Authors: Buhari Samaila, Buhari Maidamma

Abstract:

Background: The use of ionizing radiation in medical diagnostics and treatment is indispensable for accurate imaging and effective cancer therapies. However, radiation exposure carries inherent risks, necessitating strict protection measures to safeguard both patients and healthcare workers. This review critically examines the existing radiation protection measures in diagnostic radiology and radiotherapy, highlighting technological advancements, regulatory frameworks, and challenges. Objective: The objective of this review is to critically evaluate the effectiveness of current radiation protection measures in diagnostic and therapeutic radiology, focusing on minimizing patient and staff exposure to ionizing radiation while ensuring optimal clinical outcomes and propose future directions for improvement. Method: A comprehensive literature review was conducted, covering scientific studies, regulatory guidelines, and international standards on radiation protection in both diagnostic radiology and radiotherapy.

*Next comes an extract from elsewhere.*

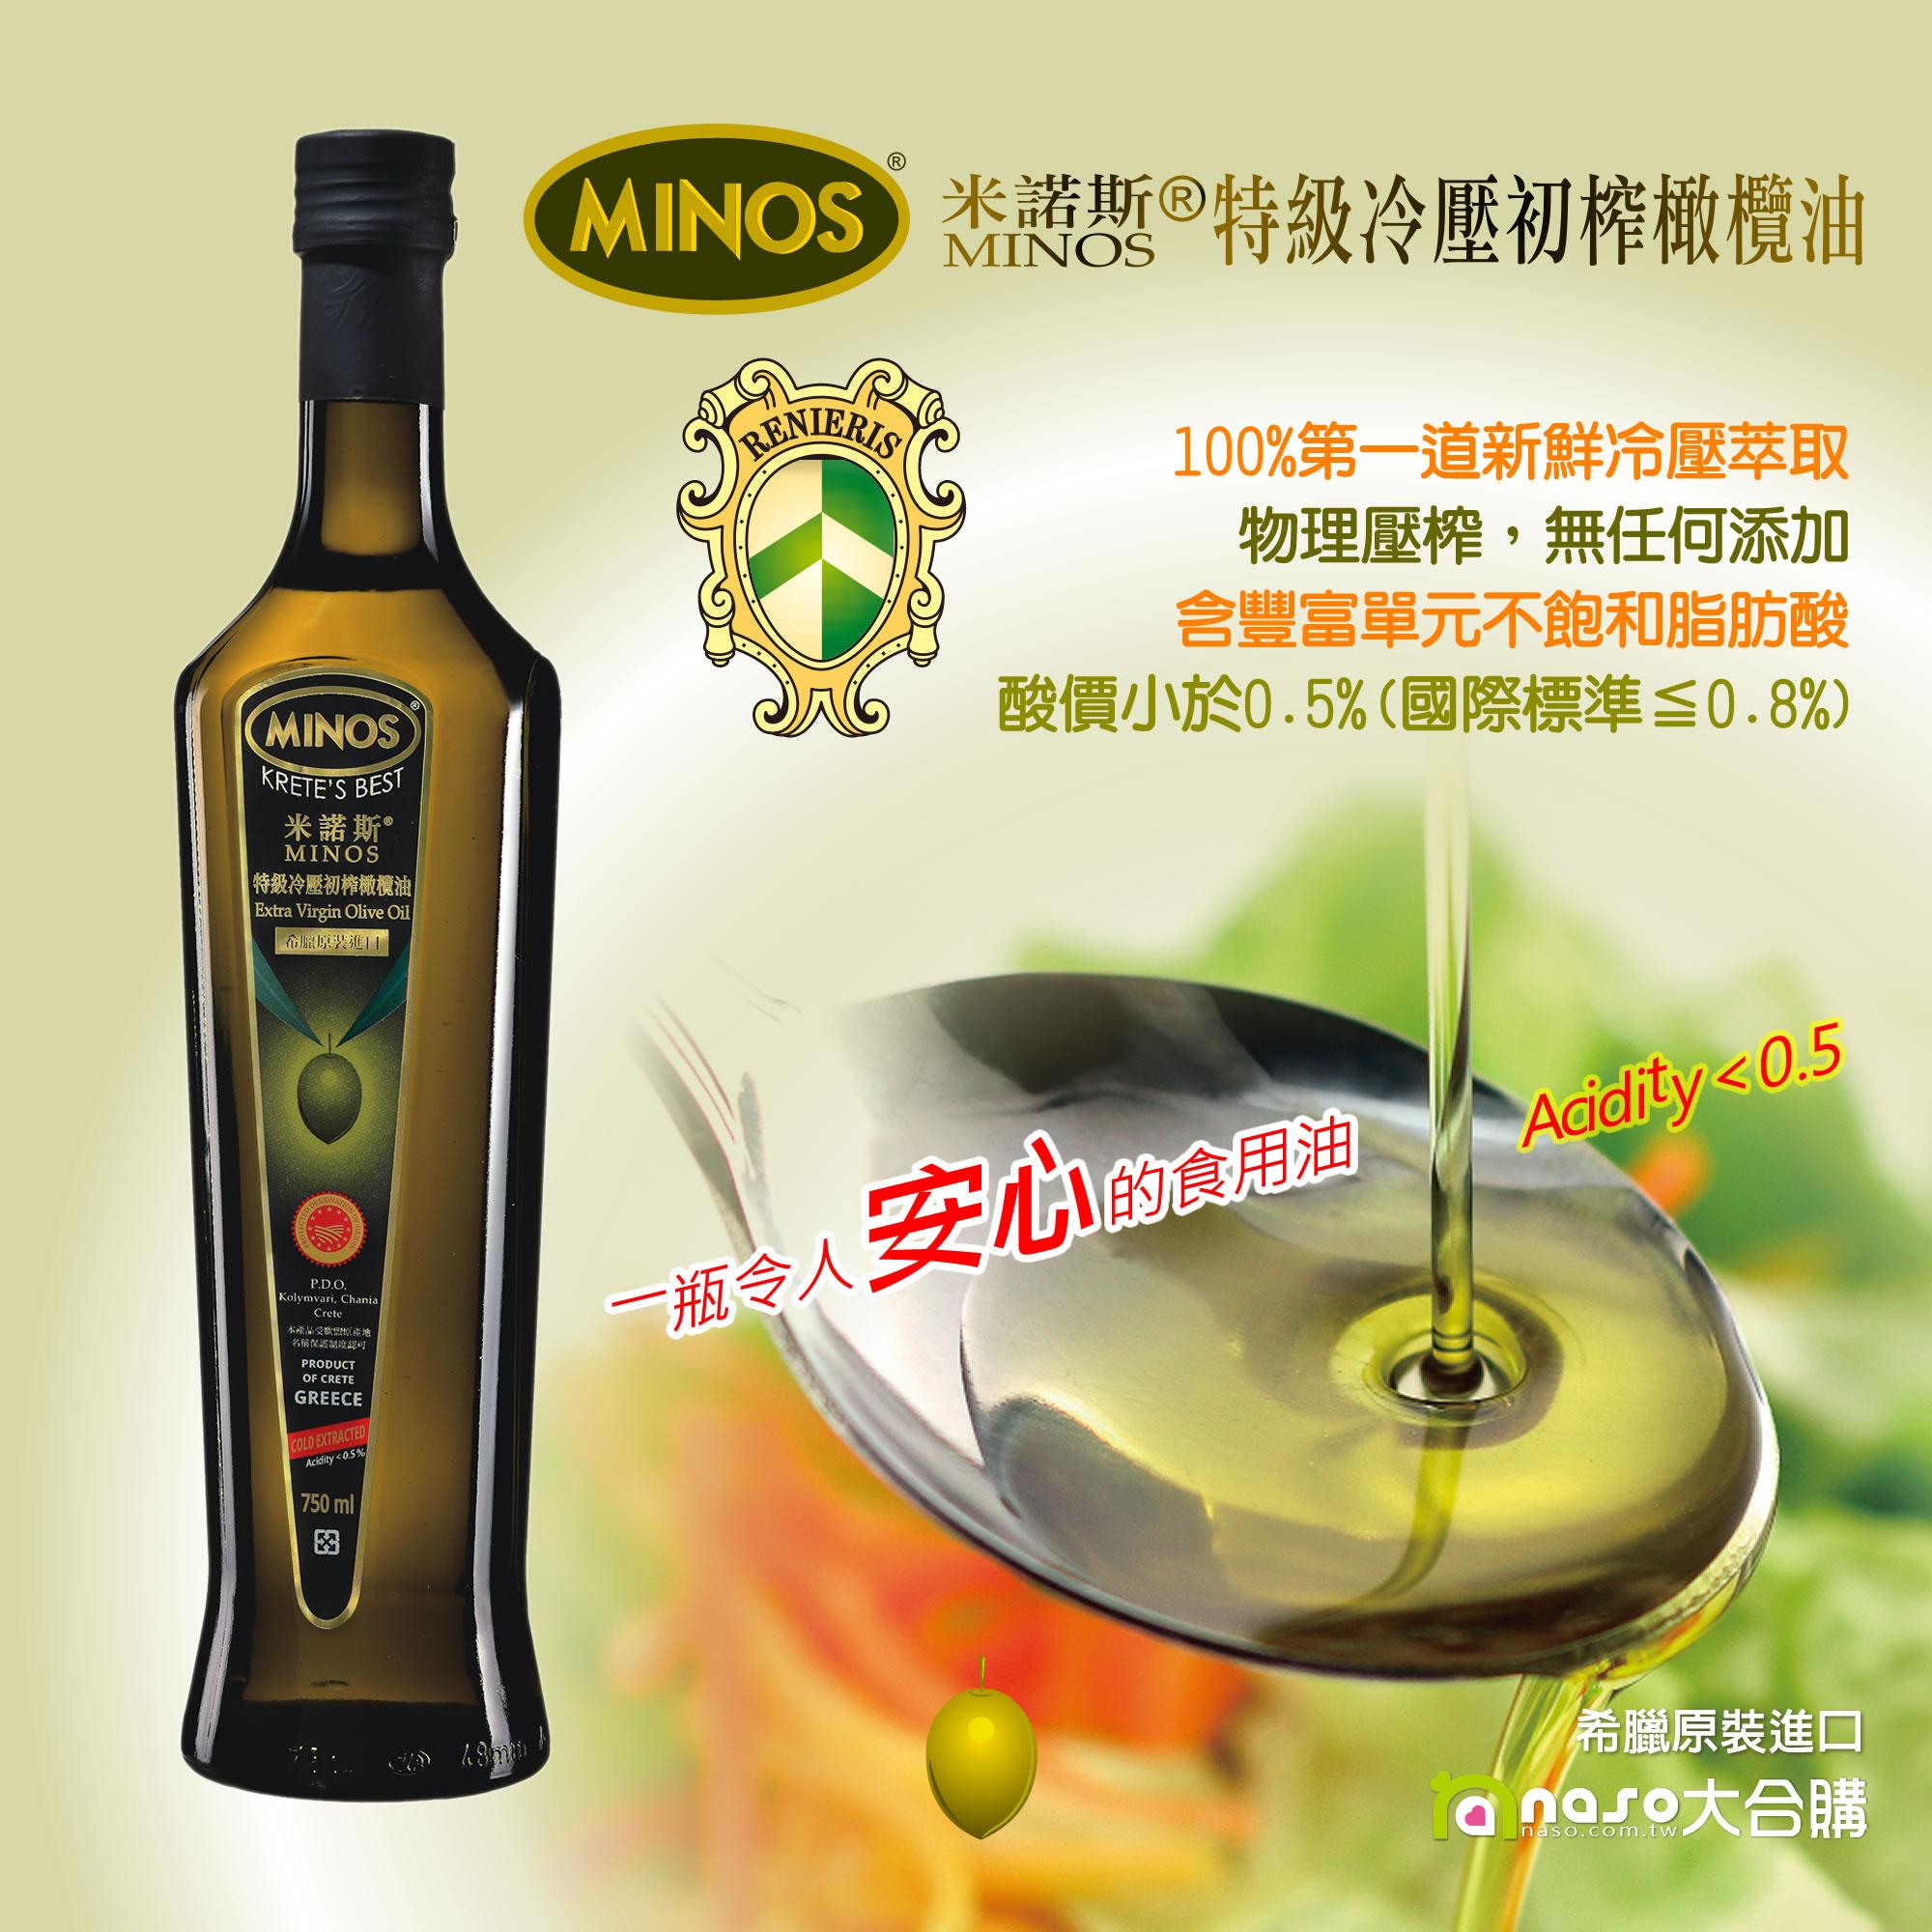 希臘原裝進口-米諾斯MINOS® 特級冷壓 初榨橄欖油 好評第8團

Emphasis was placed on ALARA principles, dose optimization techniques, and protective measures for both patients and healthcare workers. Results: Radiation protection measures in diagnostic radiology include the use of shielding devices, minimizing exposure times, and employing advanced imaging technologies to reduce dose. In radiotherapy, accurate treatment planning and image-guided techniques enhance patient safety, while shielding and dose monitoring safeguard healthcare personnel. Challenges such as limited infrastructure in low-income settings and gaps in healthcare worker training persist, impacting the overall efficacy of protection strategies. Conclusion: While significant advancements have been made in radiation protection, challenges remain in optimizing safety, especially in resource-limited settings. Future efforts should focus on enhancing training, investing in advanced technologies, and strengthening regulatory compliance to ensure continuous improvement in radiation safety practices.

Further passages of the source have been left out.